E continuo a morar na casa fraca. Essa casa, cuja porta protetora eu tranco
tão bem, essa casa não resistirá à primeira ventania que fará voar pelos ares
uma porta trancada. Mas ela está de pé, e Mineirinho viveu por mim a raiva,
enquanto eu tive calma.

Foi fuzilado na sua força desorientada, enquanto um deus fabricado no


último instante abençoa às pressas a minha maldade organizada e a minha
justiça estupidificada: o que sustenta as paredes de minha casa é a certeza
de que sempre me justificarei, meus amigos não me justificarão, mas meus
inimigos que são os meus cúmplices, esses me cumprimentarão; o que me
sustenta é saber que sempre fabricarei um deus à imagem do que eu
precisar para dormir tranqüila e que outros furtivamente fingirão que
estamos todos certos e que nada há a fazer.

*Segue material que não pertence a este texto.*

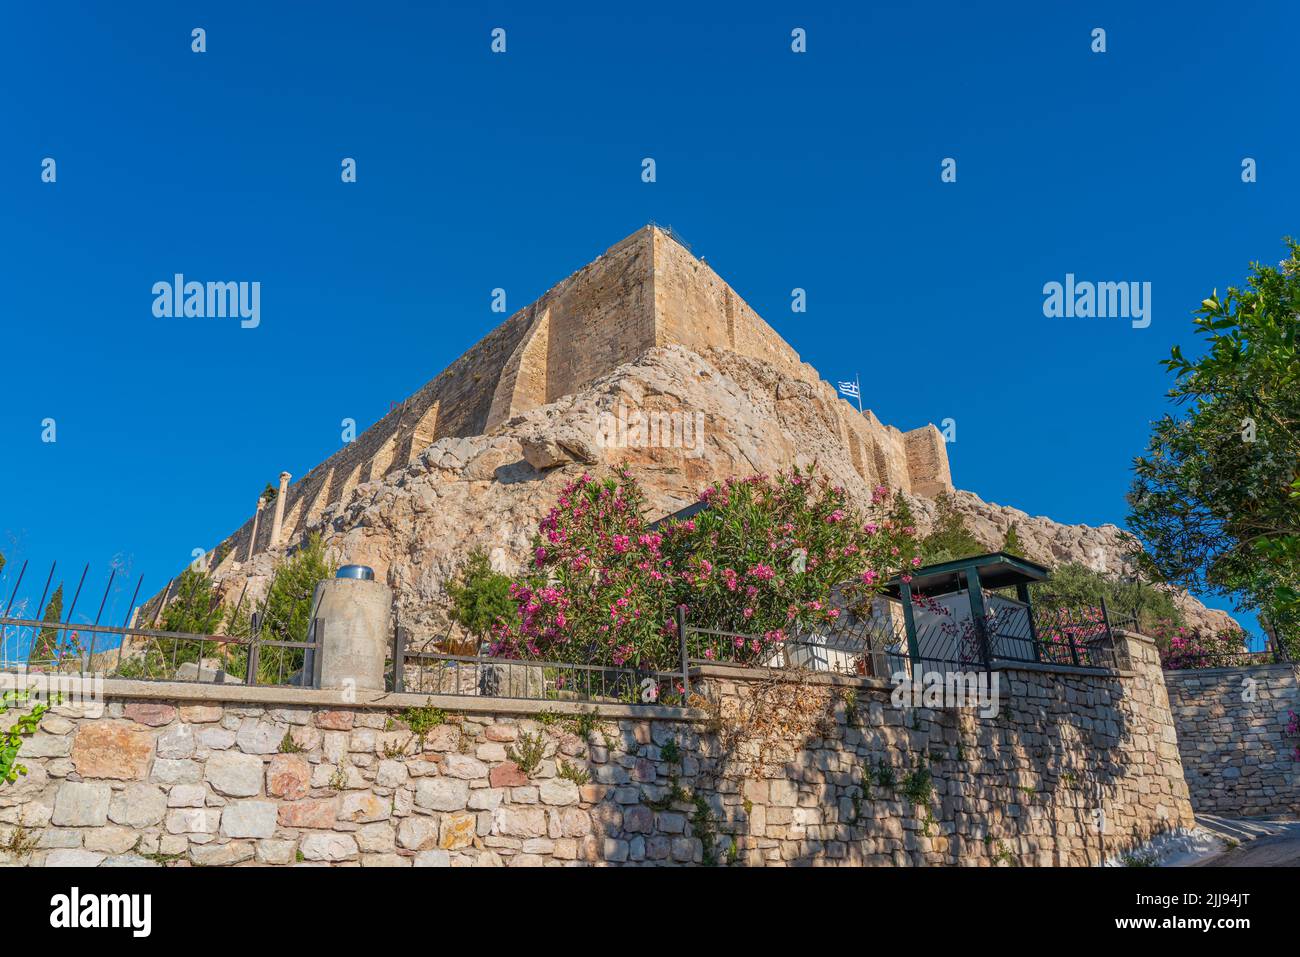 Famous Athens landmark Acropolis from the south side of the fortress, Greece Stock Photo

Tudo isso, sim, pois somos os sonsos essenciais, baluartes de alguma


coisa. E sobretudo procurar não entender.
Porque quem entende desorganiza. Há alguma coisa em nós que
desorganizaria tudo — uma coisa que entende. Essa coisa que fica muda
diante do homem sem o gorro e sem os sapatos, e para tê-los ele roubou e
matou; e fica muda diante do São Jorge de ouro e diamantes. Essa alguma
coisa muito séria em mim fica ainda mais séria diante do homem
metralhado. Essa alguma coisa é o assassino em mim? Não, é desespero
em nós. Feito doidos, nós o conhecemos, a esse homem morto onde a
grama de radium se incendiara. Mas só feito doidos, e não como sonsos, o
conhecemos. É como doido que entro pela vida que tantas vezes não tem
porta, e como doido compreendo o que é perigoso compreender, e só
como doido é que sinto o amor profundo, aquele que se confirma quando
vejo que o radium se irradiará de qualquer modo, se não for pela confiança,
pela esperança e pelo amor, então miseravelmente pela doente coragem de
destruição. Se eu não fosse doido, eu seria oitocentos policiais com
oitocentas metralhadoras, e esta seria a minha honorabilidade.
Até que viesse uma justiça um pouco mais doida. Uma que levasse em
conta que todos temos que falar por um homem que se desesperou
porque neste a fala humana já falhou, ele já é tão mudo que só o bruto
grito desarticulado serve de sinalização.

Uma justiça prévia que se lembrasse de que nossa grande luta é a do


medo, e que um homem que mata muito é porque teve muito medo.
Sobretudo uma justiça que se olhasse a si própria, e que visse que
nós todos, lama viva, somos escuros, e por isso nem mesmo a
maldade de um homem pode ser entregue à maldade de outro homem:
para que este não possa cometer livre e aprovadamente um crime de
fuzilamento.
Uma justiça que não se esqueça de que nós todos somos perigosos, e que
na hora em que o justiceiro mata, ele não está mais nos protegendo nem
querendo eliminar um criminoso, ele está cometendo o seu crime
particular, um longamente guardado. Na hora de matar um criminoso –
nesse instante está sendo morto um inocente. Não, não é que eu queira o
sublime, nem as coisas que foram se tornando as palavras que me fazem
dormir tranqüila, mistura de perdão, de caridade vaga, nós que nos
refugiamos no abstrato.

O que eu quero é muito mais áspero e mais difícil: quero o terreno.